* _Task instructions_
Your job with the data below is to output exactly the lines from the one holding "Condominium for Sale" down to the one holding "Paletas sombras de", both included, and no others.

* _Supplied records_
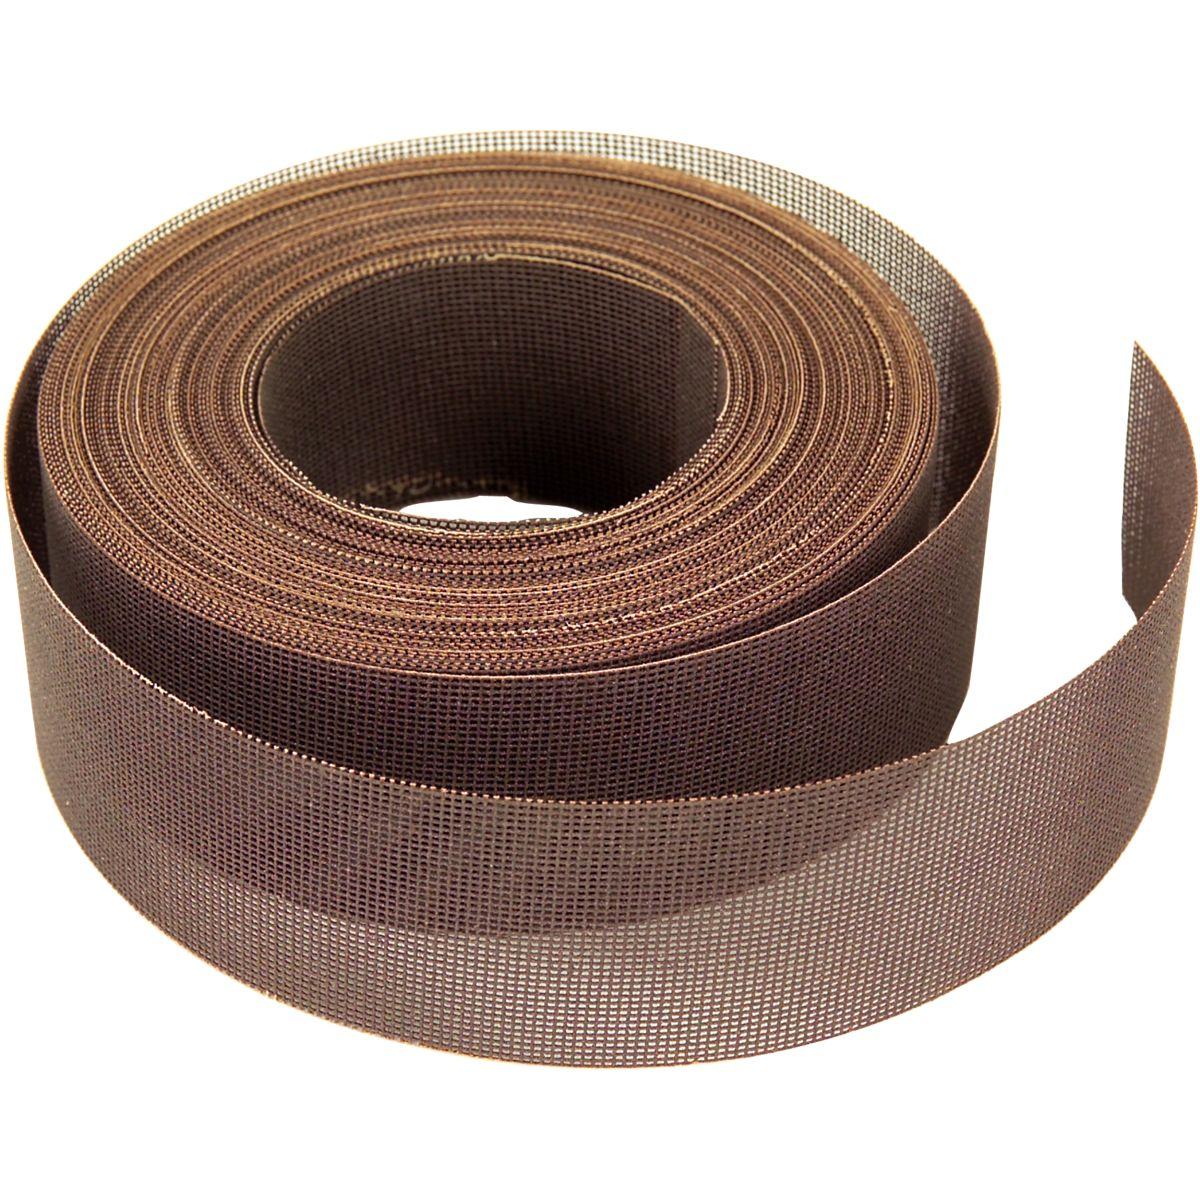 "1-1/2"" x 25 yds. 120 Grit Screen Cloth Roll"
==
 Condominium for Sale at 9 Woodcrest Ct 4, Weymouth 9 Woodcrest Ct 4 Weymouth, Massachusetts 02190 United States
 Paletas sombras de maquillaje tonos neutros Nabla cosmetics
* * *
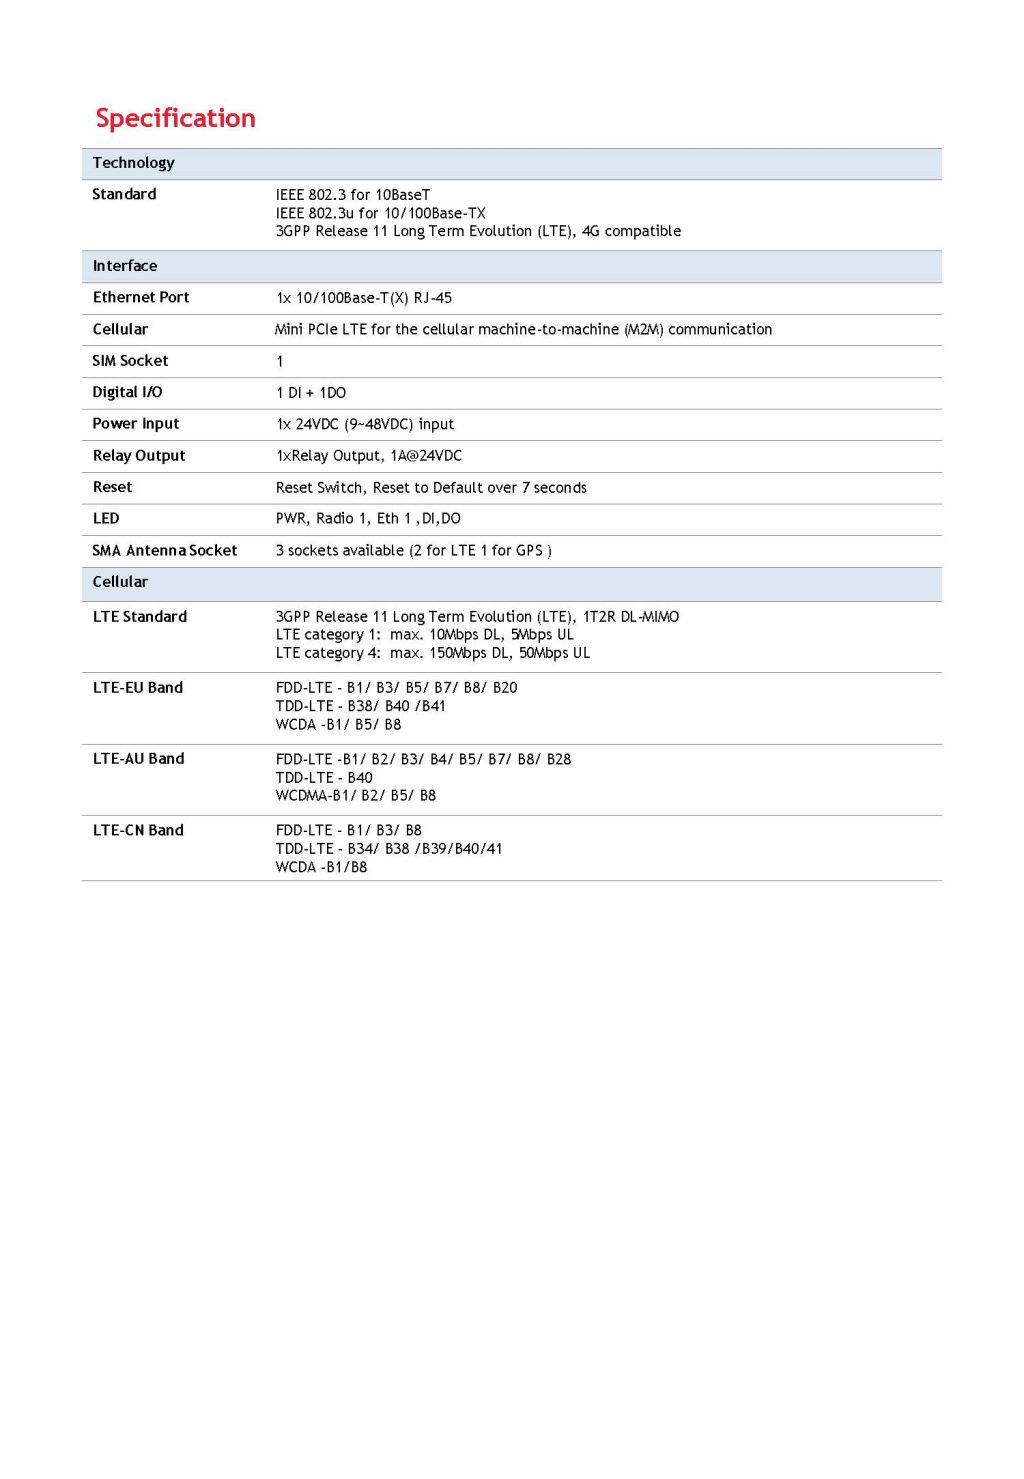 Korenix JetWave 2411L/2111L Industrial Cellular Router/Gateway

* _Output of the exercise_
 Condominium for Sale at 9 Woodcrest Ct 4, Weymouth 9 Woodcrest Ct 4 Weymouth, Massachusetts 02190 United States
 Paletas sombras de maquillaje tonos neutros Nabla cosmetics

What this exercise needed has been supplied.